Potential Regulatory and Contractual Consequences if McGregor’s ‘retirement’ is not sincere

Update  April 21, 2016 – Today Conor published a statement stating he is not retired and went on record noting this clarity was being made “for USADA and for the UFC and my contract stipulations


In what can only be described as a crazy day in the world of MMA, UFC’s featherweight champion Conor McGregor tweeted that he is retired from the sport.  Shortly after UFC president Dana White made a television appearance noting McGregor was actually pulled from UFC 200, where he was scheduled to compete in a much anticipated rematch with Nate Diaz, for failing to co-operate with his promotional obligations.

Whatever the truth, the one thing that is clear is the main event for UFC 200 which has been heavily promoted is apparently no longer to be.

UFC 200 Promo

If McGregor is genuinely retired, a turn of events many in the MMA media don’t believe, then there are likely no legal consequences that stem from this unexpected but fairly routine announcement in the world of professional sports.  He will move on, the UFC will move on, fans will move on.

If, on the other hand, this is a ploy in a story which has yet to publicly surface, there is a chance McGregor can face disciplinary action from the Nevada State Athletic Commission for failing to appear in this event if he is not truly retired.

Nevada legislation has a rarely utilized provision dealing with fighters who do not attend a bout after signing a bout agreement.  Specifically NAC 467.132 holds that

An unarmed combatant who fails to appear in a contest or exhibition in which he or she signed a bout agreement to appear, without a written excuse determined to be valid by the Commission or a certificate from a physician designated by the Commission in advance in case of physical disability, is subject to disciplinary action

It is not clear if a bout agreement was signed but presumably the UFC would not be promoting the bout without the security of McGregor’s signature.

If that is the case the above section can, as it states, trigger “disciplinary action” from the Commission unless McGregor provides the Commission with a written excuse that they must determine to be valid.

Another interesting twist is announced retirement from the UFC now comes with further consequences thanks to the UFC/USADA Anti Doping Policy.  Under the Policy USADA can test athletes for banned performance enhancing drugs until “such time as they give notice to UFC in writing of their retirement from competition“.

If the retirement is not permanent, there are consequences for athletes when they seek to return with Section 5.7.1 of the policy stating that “An Athlete who gives notice of retirement to UFC, or has otherwise ceased to have a contractual relationship with UFC, may not resume competing in UFC bouts until he/she has given UFC written notice of his.her intent to resume competing and has made him/herself available for Testing for a period of four months before returning to competition

The UFC can waive this period in “exceptional circumstances” or where “strict application of the rule would be manifestly unfair” to the athlete but at the very least this provision puts some power in the UFC’s hands if McGregor is playing games.

It is a safe bet that this story between McGregor and the UFC is far from over and new developments will surface in the coming days.  Depending on what comes to light regulatory and other contractual consequences cannot be ruled out in the upcoming twists and turns of this unfolding saga.

3 thoughts on “Potential Regulatory and Contractual Consequences if McGregor’s ‘retirement’ is not sincere

  1. The 4 month testing period doesn’t seem to require a lot to get it waived.
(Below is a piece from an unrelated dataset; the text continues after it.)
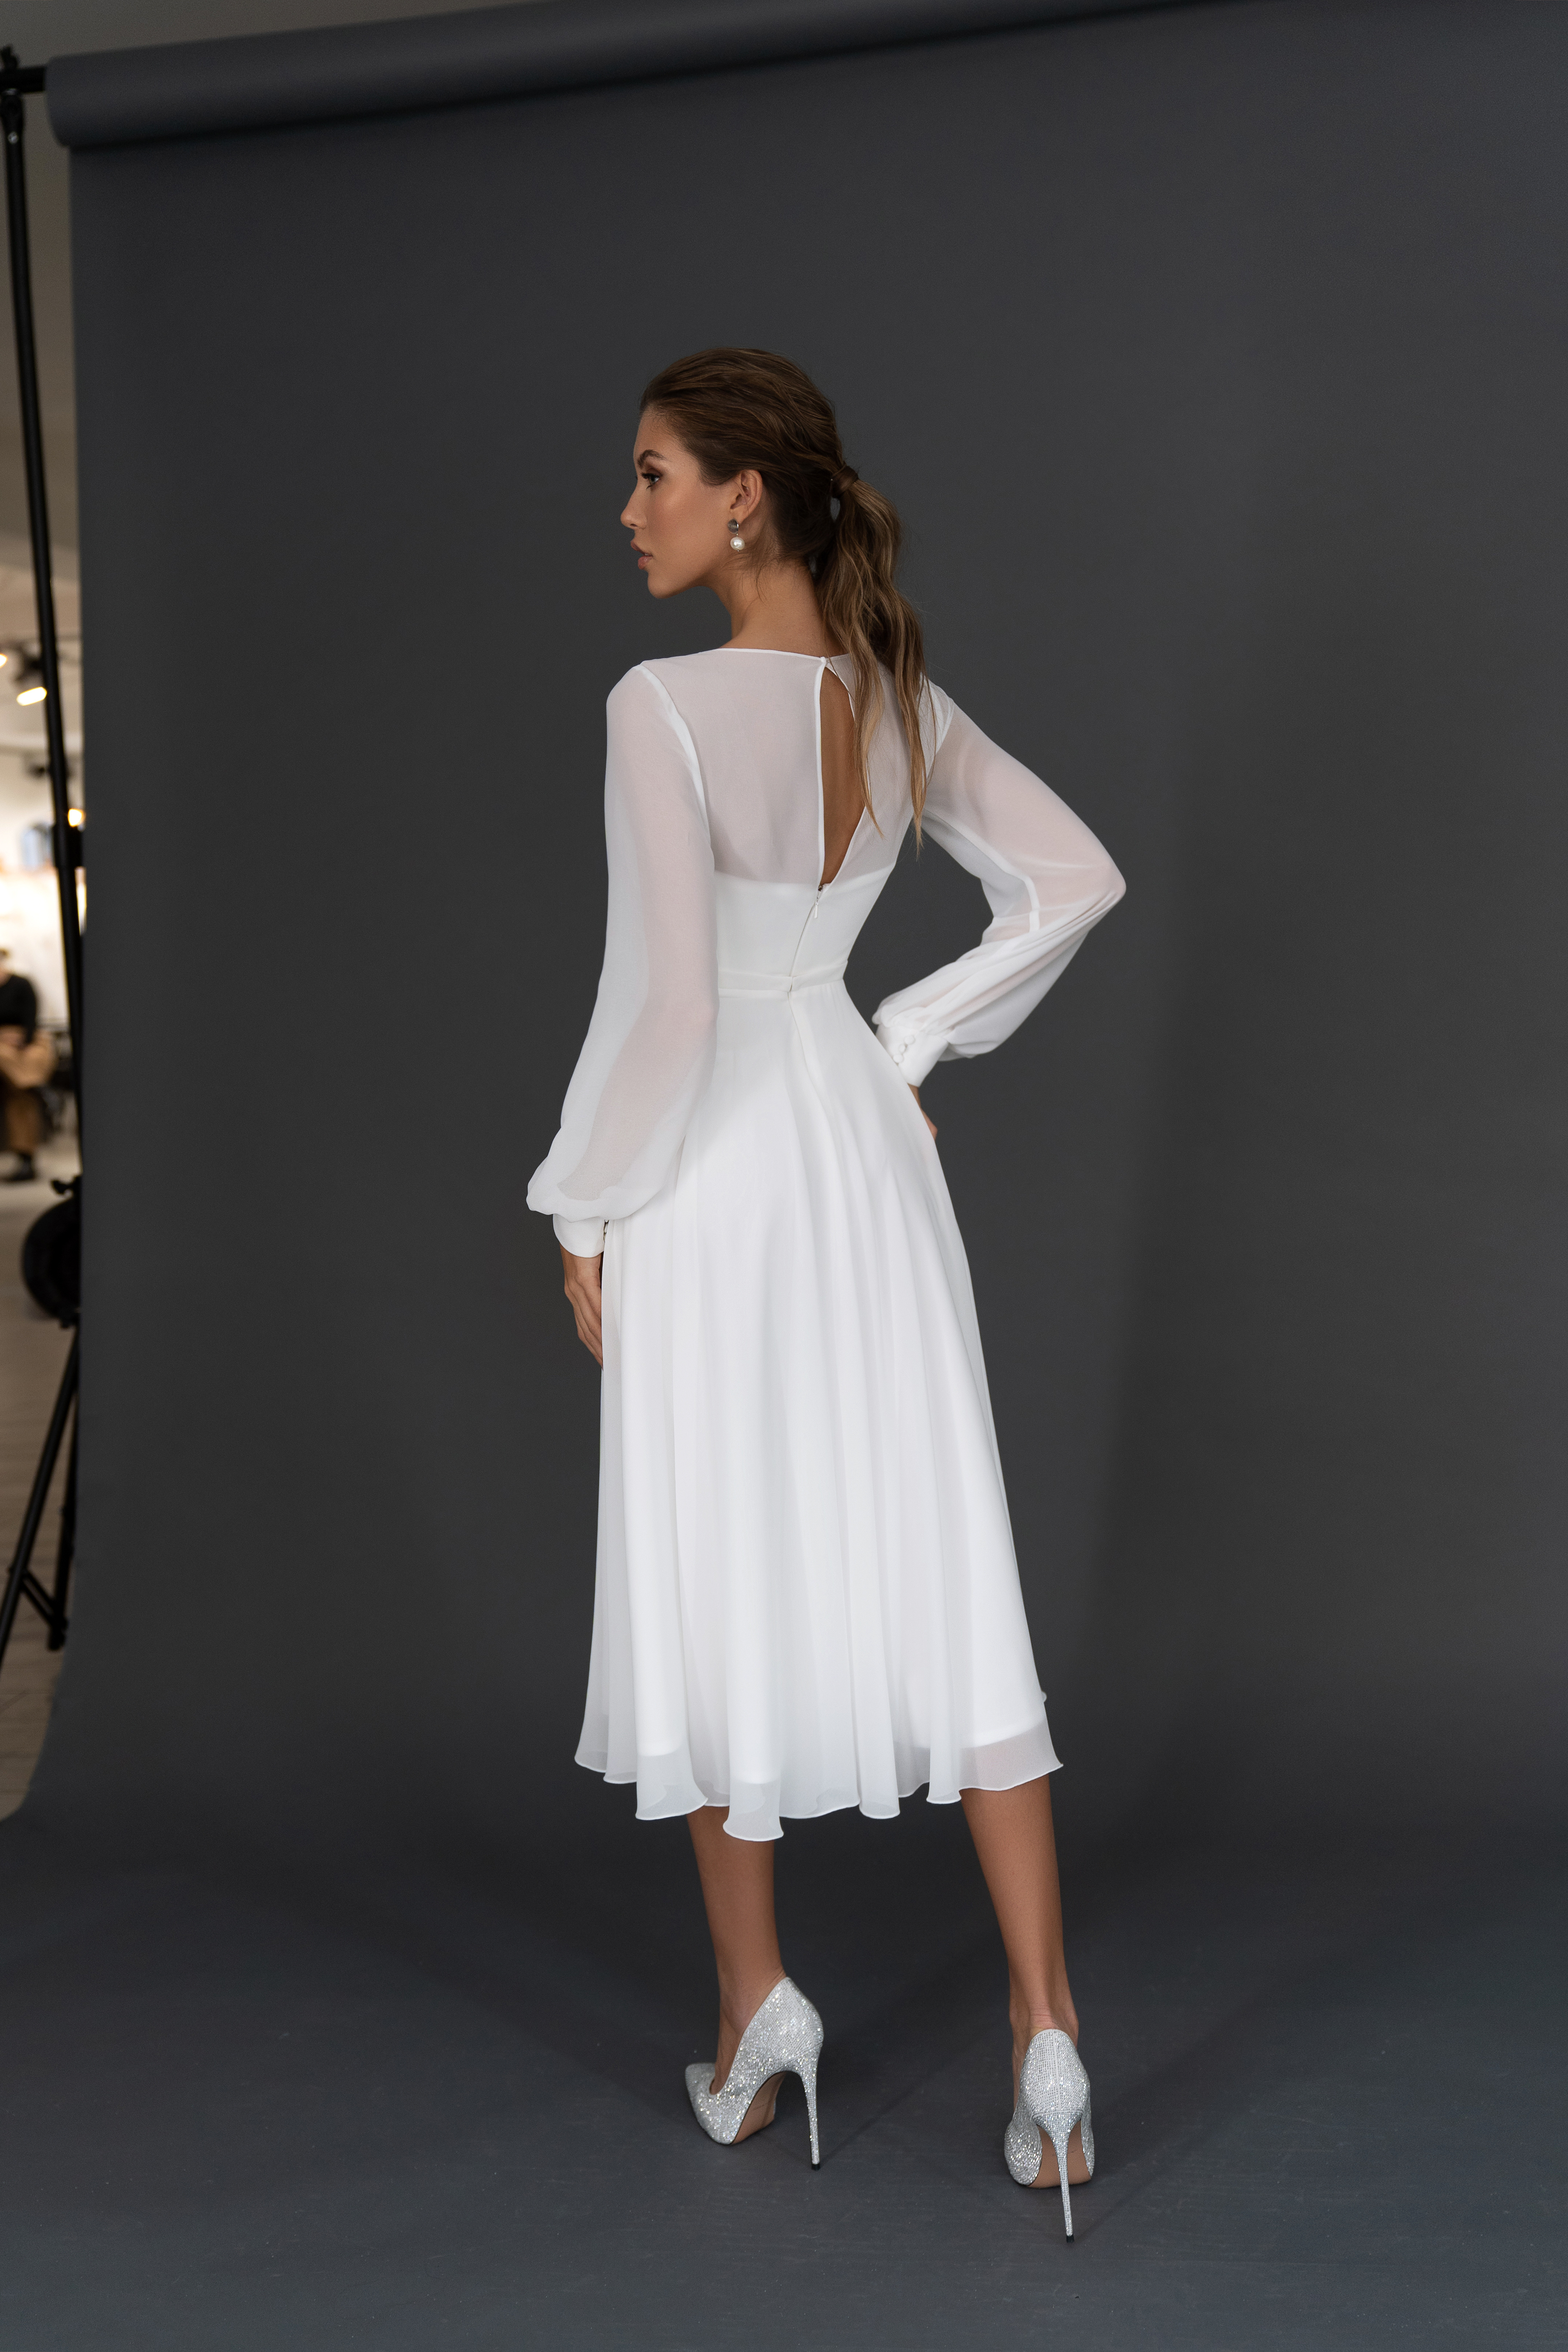 Свадебное платье «Осфадэль миди» Марта — купить в Казани платье Осфадэль из коллекции 2021 года
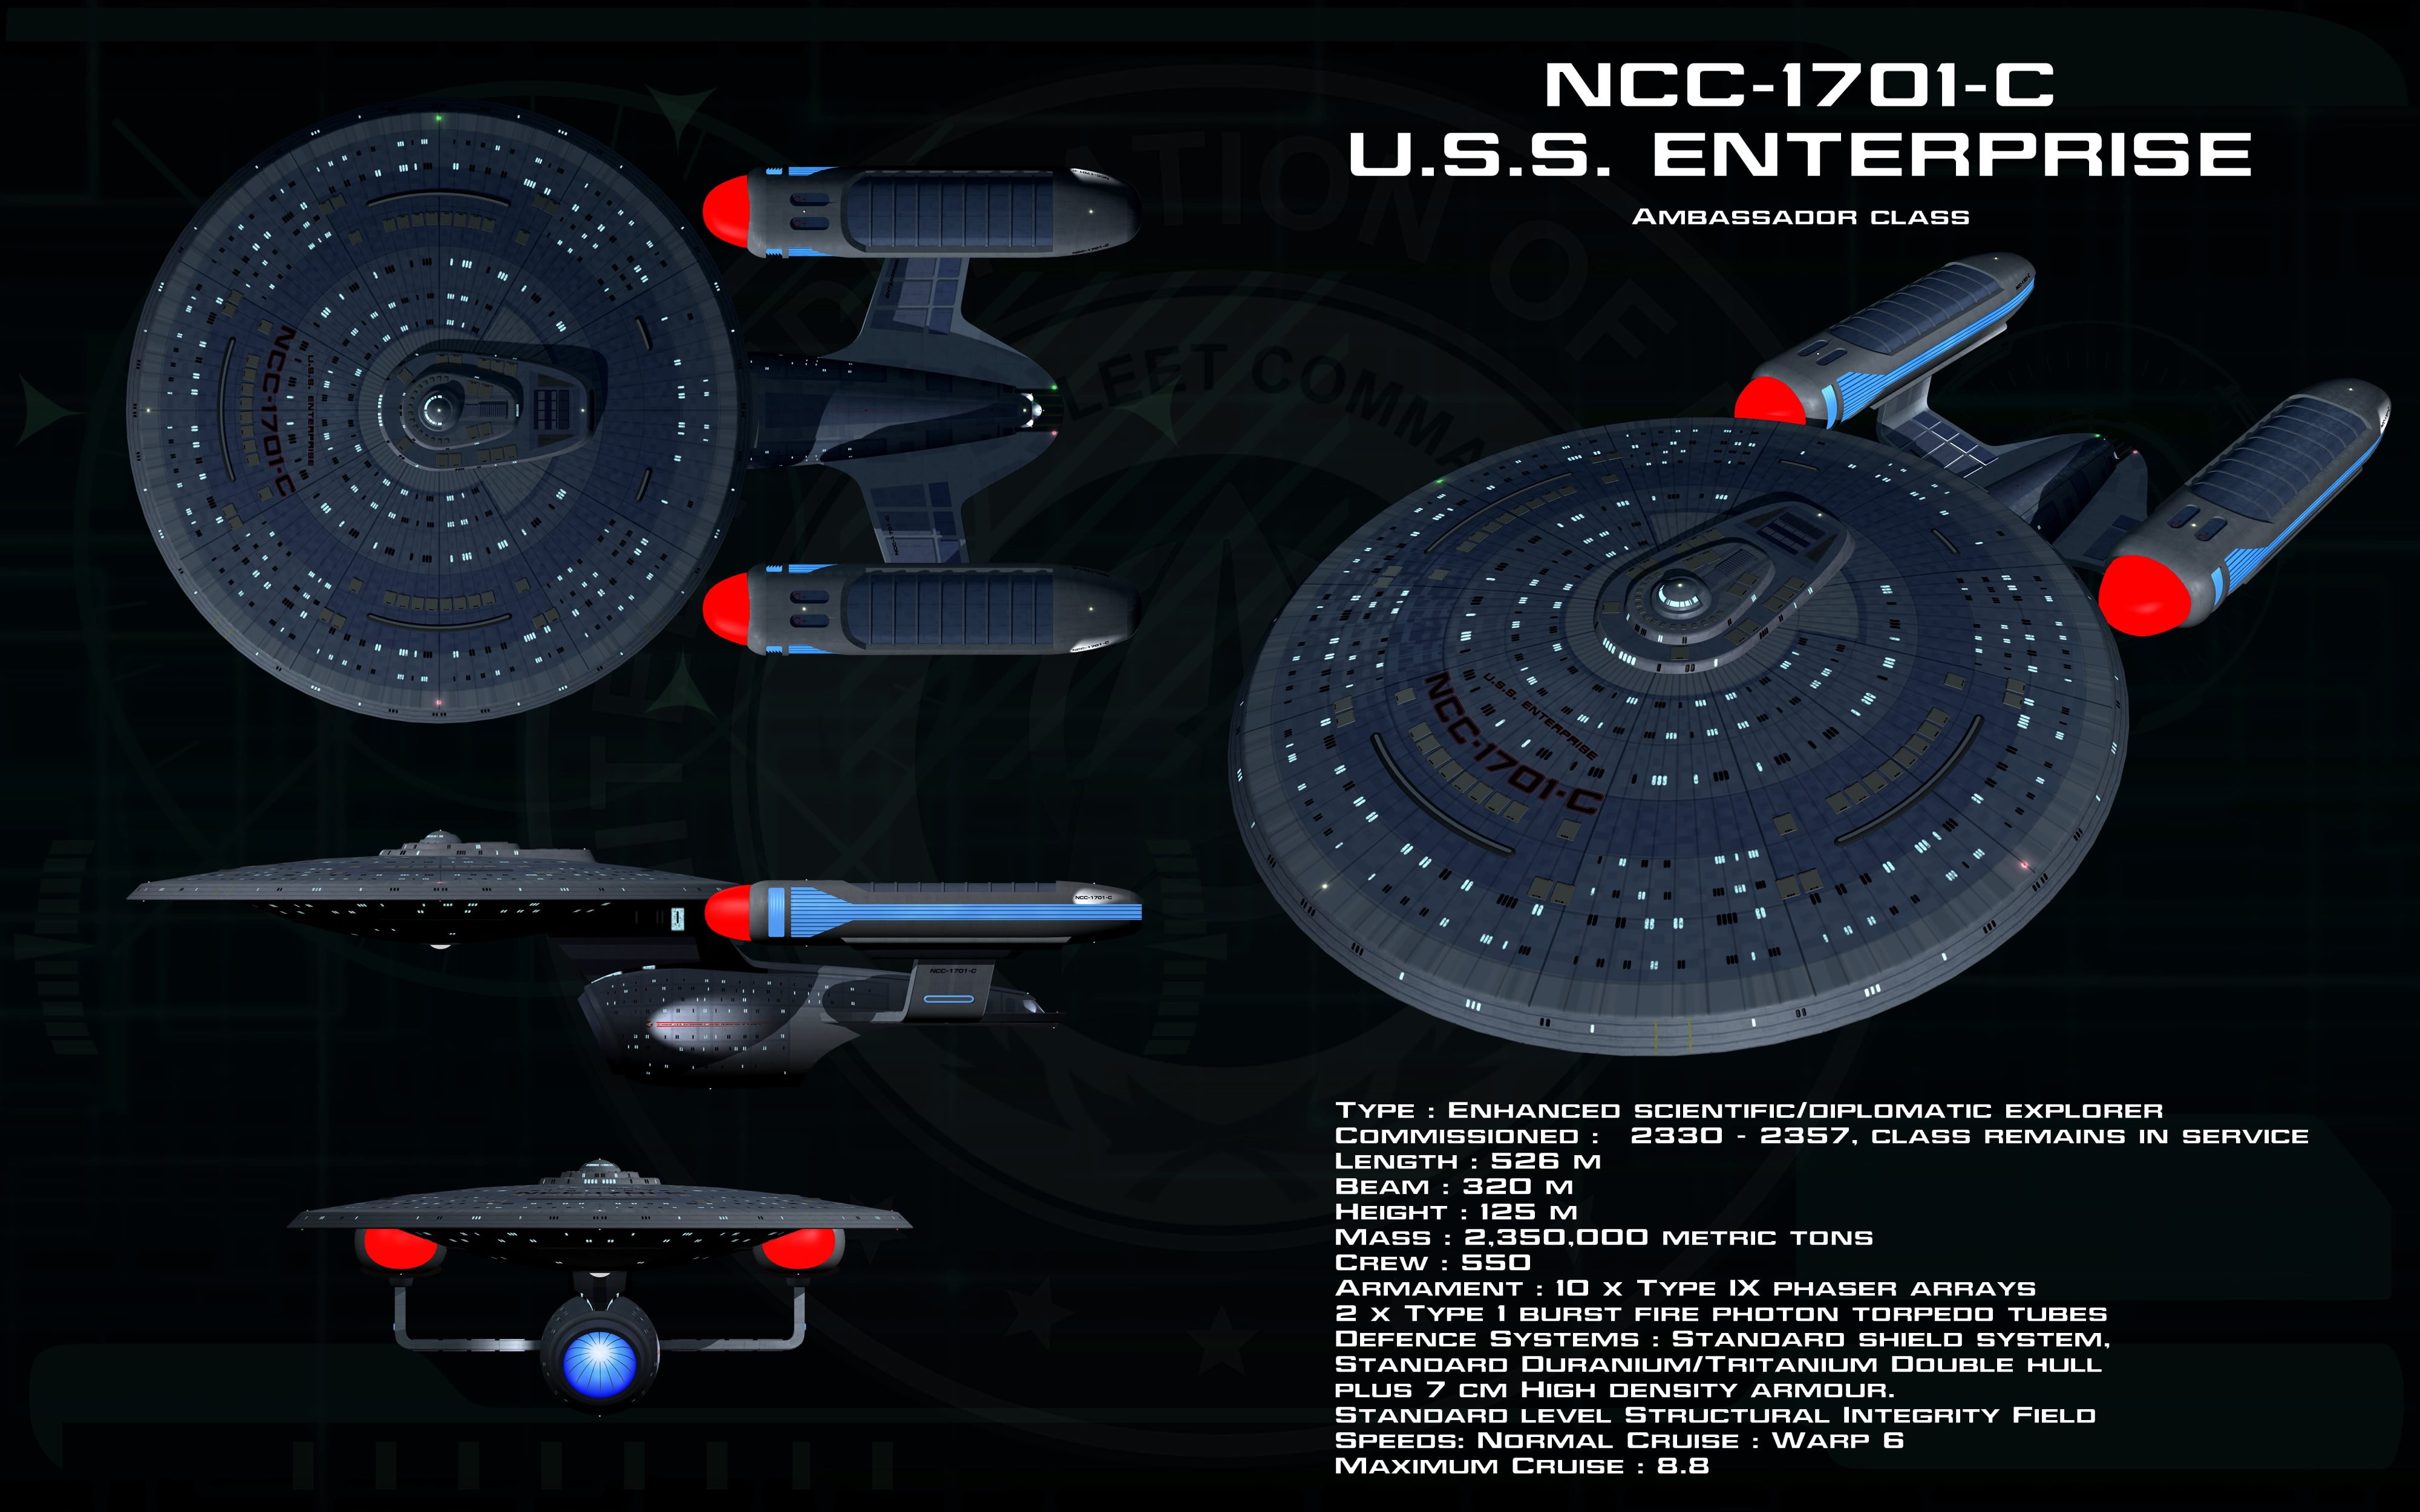 Star Trek USS Enterprise E Wallpaper

When BJ Penn first announced he was making a comeback and joined Jackson/Winkeljohn, they had him scheduled to fight about 2 months later. That later got scrapped due to the allegations against Penn, but at least to start with they weren’t sticking to the 4 months. I wouldn’t be surprised if they waive it again if GSP eventually comes back.

    1. Good points Joe. While the UFC can waive the 4 month period they can also choose not to. If relations are good between them and the returning fighter then I imagine discretion is exercised. If not, it is one more tool of leverage that the promoter has.